Do lado dos preços há vários motivos que justificam um alívio nos juros. As últimas projeções do setor privado indicam que tanto a meta de inflação deste ano quanto a do ano que vem devem ser cumpridas sem grandes dificuldades.
Segundo pesquisa feita na semana passada pelo BC, a partir da consulta a cerca de cem analistas do mercado, a expectativa é que o Índice de Preços ao Consumidor Amplo (IPCA) registre alta de 3,15% em 2006 e de 4,10% em 2007 - em ambos os anos, a meta foi fixada pelo governo em 4,5%.
O BC argumenta, porém, que os juros já caíram muito desde o final do ano passado, e ainda não está claro qual será o efeito dessa queda na economia. O receio, no caso, é que a inflação apresente uma resposta à redução da taxa Selic que não é captada pelas projeções matemáticas feitas tanto pelo BC quanto pelo mercado financeiro. Daí a necessidade de maior cautela.

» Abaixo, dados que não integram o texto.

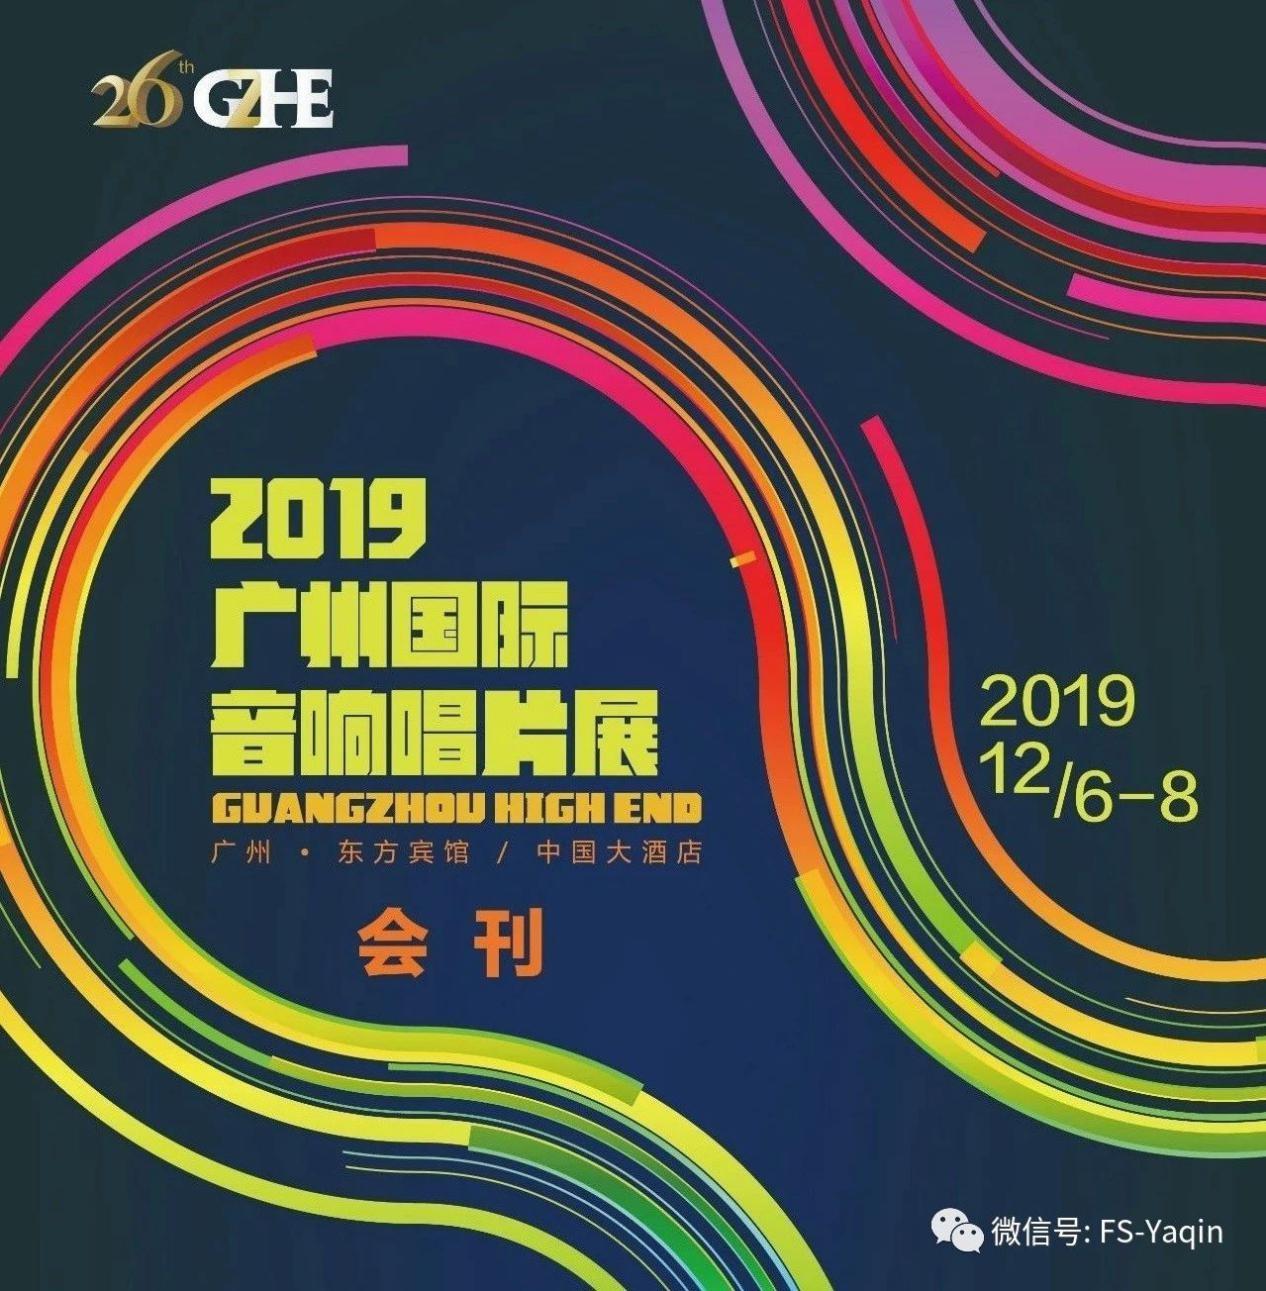 Guangzhou International Audio & records exhibition 2019

Explicação semelhante é usada para defender a idéia de que um corte mais pronunciado na taxa Selic não é necessário para favorecer a recuperação do nível de atividade.
Hoje o Instituto Brasileiro de Geografia e Estatística (IBGE) divulga dados sobre o Produto Interno Bruto (PIB) no terceiro trimestre. A expectativa é que, neste ano, o crescimento não passe de 3%. E, embora o presidente Lula fale numa expansão de 5% no ano que vem, as projeções médias do mercado continuam próximas de 3,5%.
O Copom reduziu os juros nas suas 12 últimas reuniões. É a série mais longa de cortes na taxa Selic desde a criação do comitê, em 1996.